We had a mini hackfest at noisebridge on OONI and this thread is to
summarize what we discussed.
mct: feel free to add things from your notes that are not detailed
here.
One of the problems that we mostly focused our attention on was how
to detect censorship on HTTP when the user is presented with a block
page. The reason for focusing on this is that censorship over HTTP
is the most prevalent form.
# Detecting censorship in web sites
Detecting that the presented web page is not the expected site, but
is a censorship page turns out to be a non trivial task, especially
when you are dealing with web pages that have dynamic content. This
problem is detailed in this trac ticket:
https://trac.torproject.org/projects/tor/ticket/6180.

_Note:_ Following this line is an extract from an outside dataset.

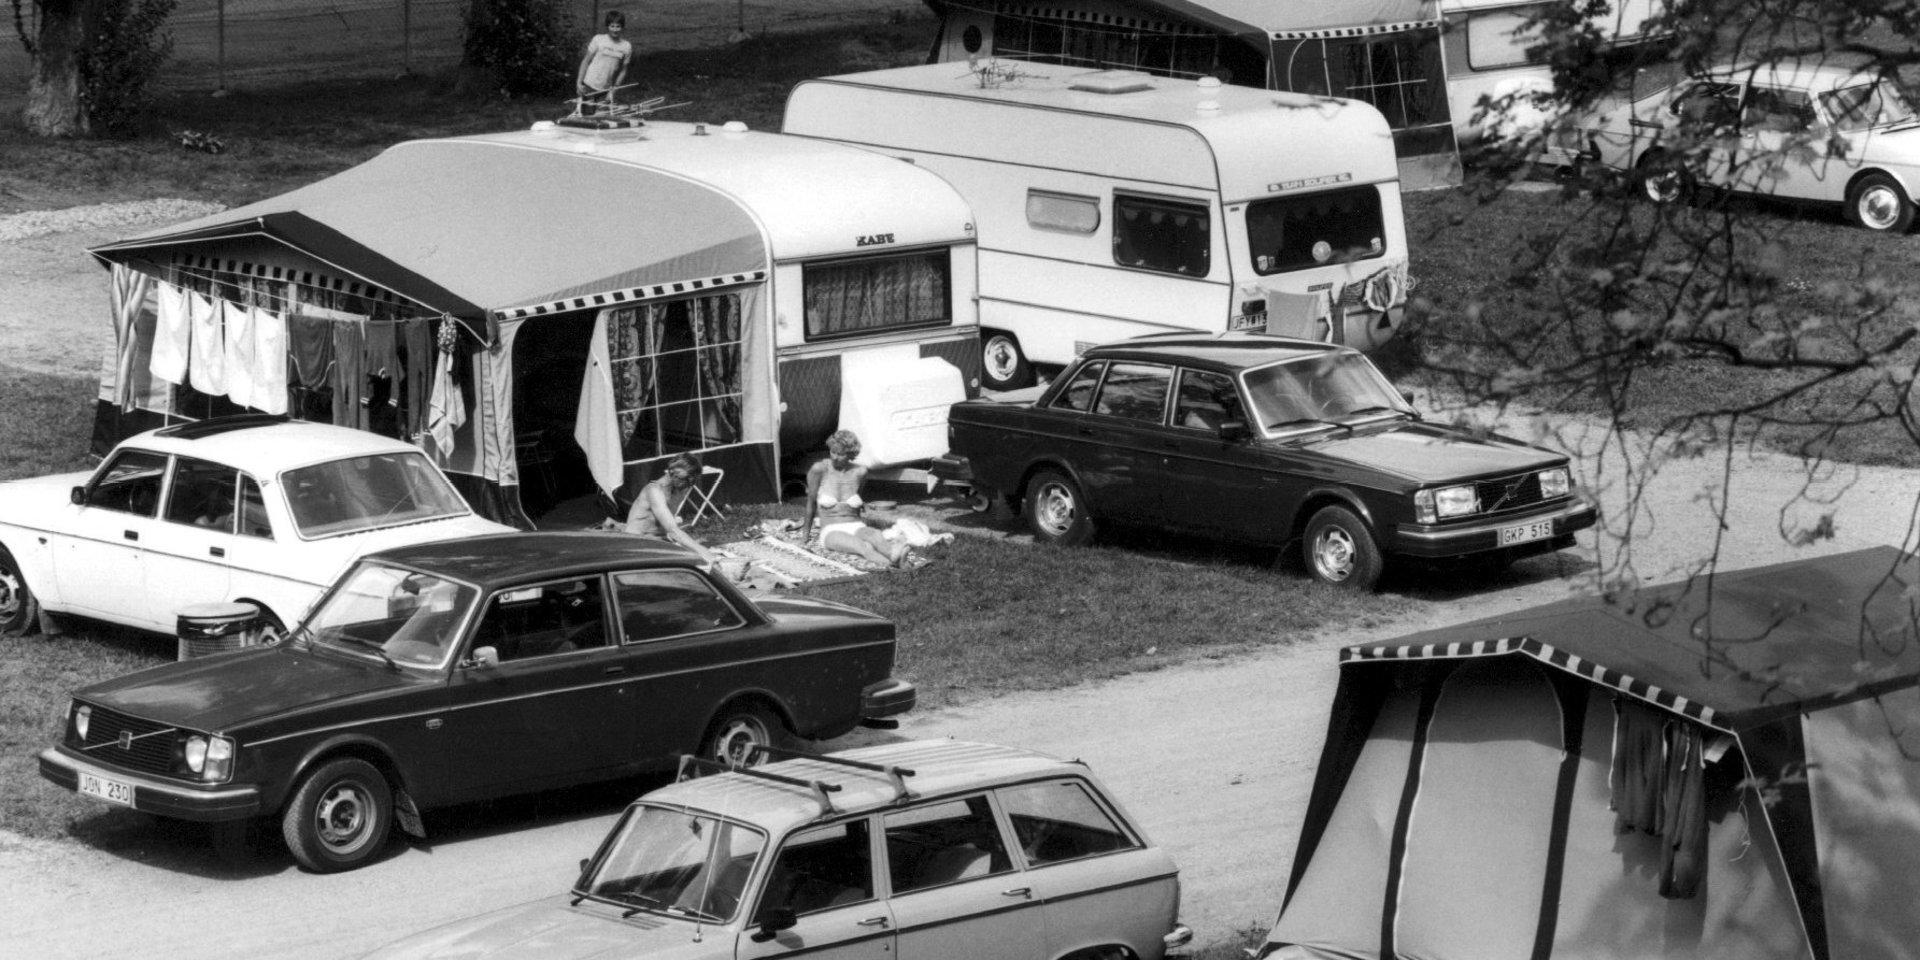 Camping, tidigt 1980-tal. Den typiska ”folkhemssemestern”. 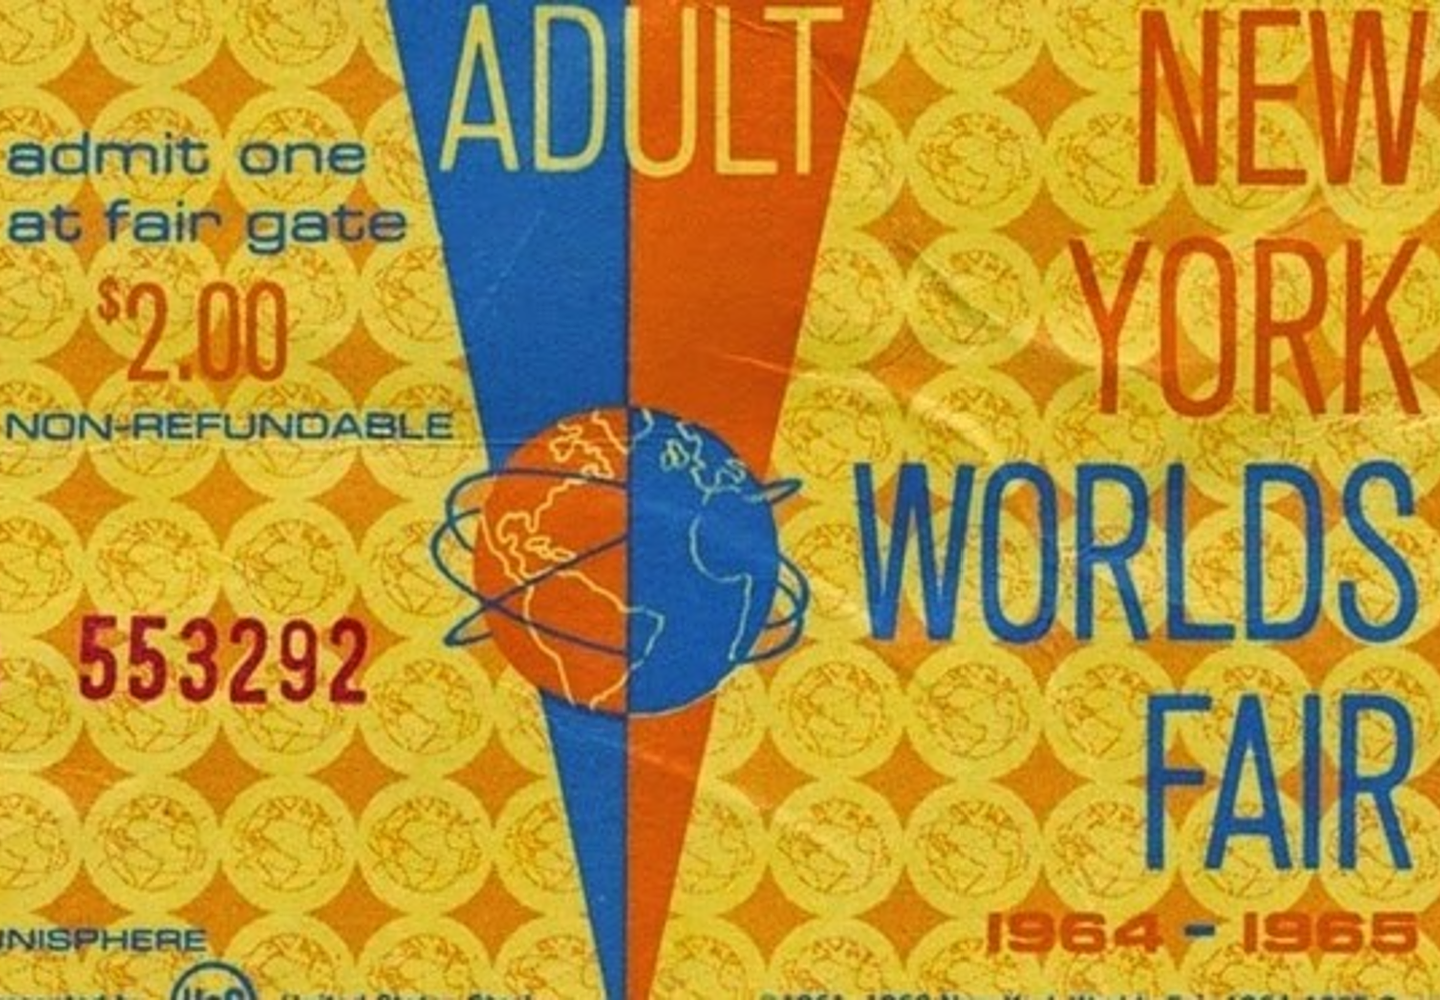 The 1964 World’s Fair: Peace Through Understanding

We ended up dividing the possible approaches into two macro
categories: Statistical and Heuristic [1]
One of the properties we would like our classifier to have is that
that a user should be able to detect that the presented page is the
block page by just having a copy of OONI and some data that can be
given to them over a non censored channel (sneakernet for example).
## DOMClass, a eigenvalue based statistical classifier
What we ended up implementing is a classifier that considers the DOM
structure of the web page. We can easily build such a database of
the DOM structure features of the websites we are interested in
analyzing and ship these to users.
This is how the algorithm works:
This classifier uses the DOM structure of a website to
determine how similar
the two sites are.
The procedure we use is the following:
* First we parse all the DOM tree of the web page and we
build a list of
TAG parent child relationships (ex.
<html><a><b></b></a><c></c></html>
=>
(html, a), (a, b), (html, c)).
* We then use this information to build a matrix (M) where
m[i][j] = P(of
transitioning from tag[i] to tag[j]). If tag[i] does not
exists P() = 0.
Note: M is a square matrix that is number_of_tags wide.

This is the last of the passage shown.